Last night was one of those nights where I wished I could sit down with lots of people and give them giant hugs and endless thank-yous. Friday was my last day at Red Hat after an incredible 2.5 years, and it feels really good to finally break the news to people; I wish we'd been able to get the word out earlier, but it's been a hectic last few weeks working on the wrap-up details while the semester's been ending (I'm still writing individual thank-you notes to Red Hatters in between multiple final papers) - so sometimes you acknowledge that perfection is impossible and work instead on making the good real.

I'm tremendously grateful to everyone who took a chance on me and helped me grow; if OLPC was where I took my first stumbles into the big, wide world of open source and learned to walk, Red Hat was where I learned to run, and to run alongside the best. The chance to grow both Fedora Marketing and FUDCon into mature, community-run entities, the chance to lead POSSE from an idea to a reality that's touched dozens of professors and hundreds of students around the world, the opportunity to play a crucial role in the early stages of Teaching Open Source, the chance to learn from everyone around me - these are experiences I couldn't have had anywhere else, and things I could not have done without my kickass teammates, mentors, and friends. The list is far too long to include here, but suffice it to say it's been the people who've made the journey as amazing as it's been, and I have no plans to say goodbye.

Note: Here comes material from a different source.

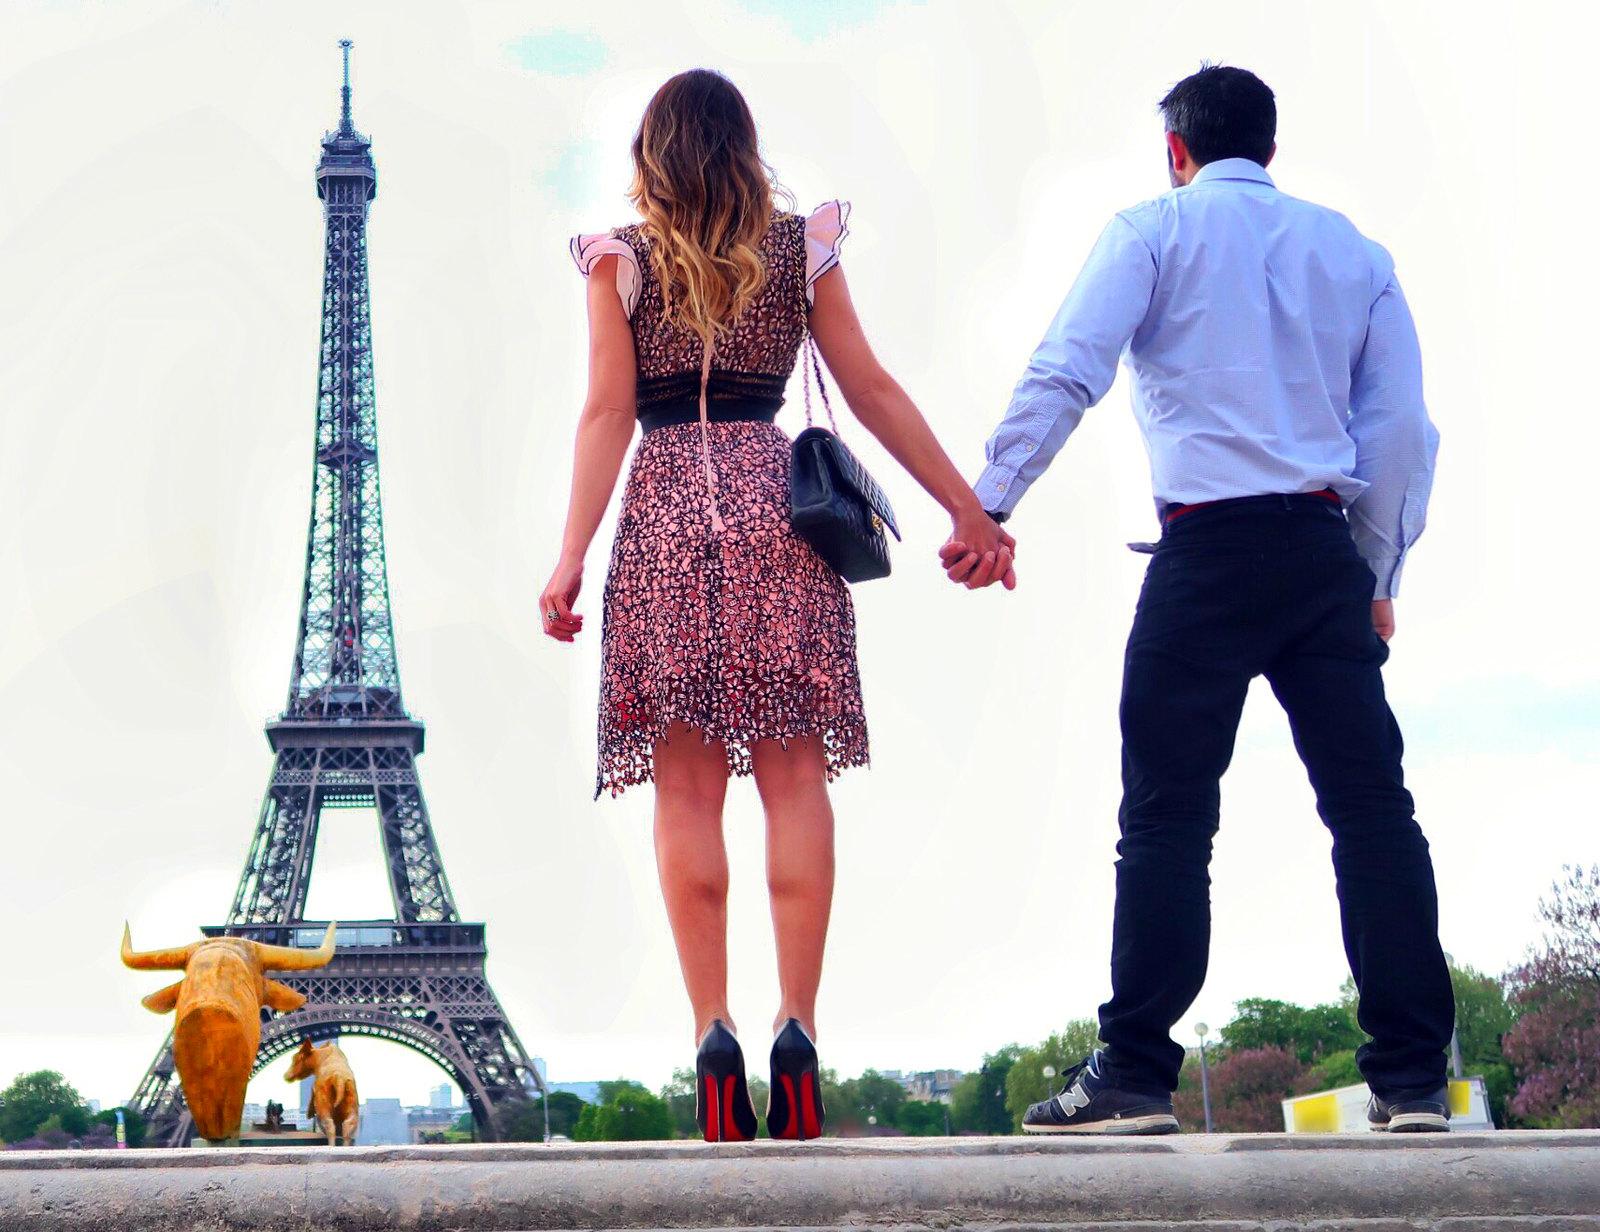 Viajar a Paris con Perro viajar a paris con perro - 34559997096 14806963b0 h - Viajar a Paris con perro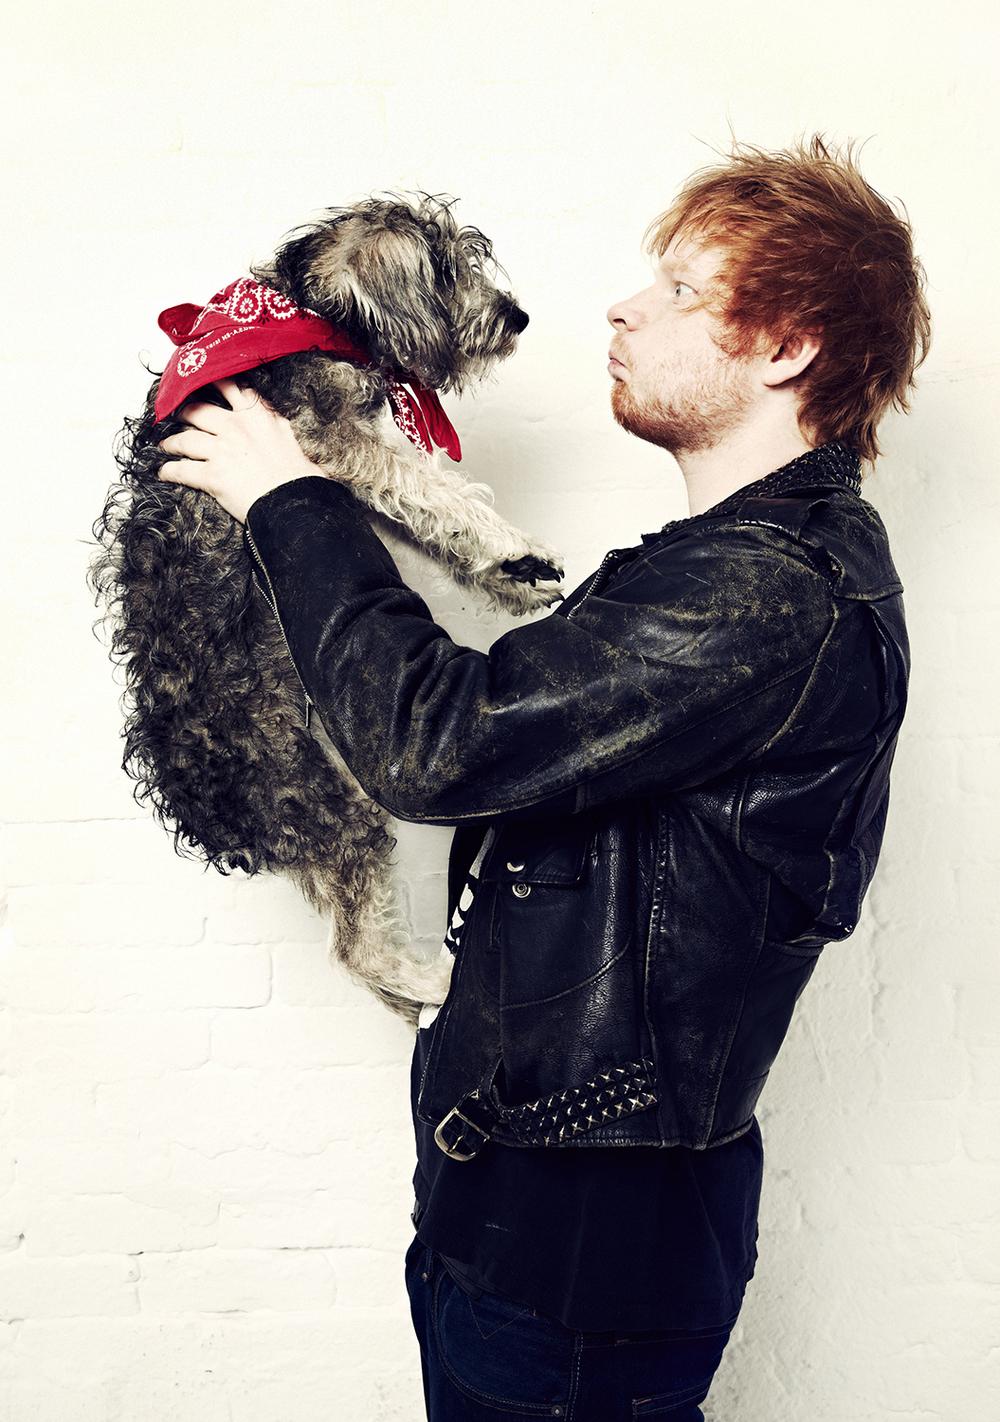 131030_Sheeran_04_Jacket_0356.jpg

I'm still going to be in many of the same spaces I was in before (especially Fedora, TOS, and opensource.com), so in practical terms, what this means is that I'm swapping a .com email address for an .edu one so I can devote more time to graduate school and other personal projects along the same general theme of Awesomeness and Learning. And I'm still doing research on the open source way -- what are the elements of the methodology, and how can they be made systematically and measurably transferable and reproducible? It looks like answering that question (or whatever it turns into) will be a large part of the next few years of my life, and I'm looking forward to it and will definitely keep you all updated.

It's a big wide world out there. Time for the next adventure.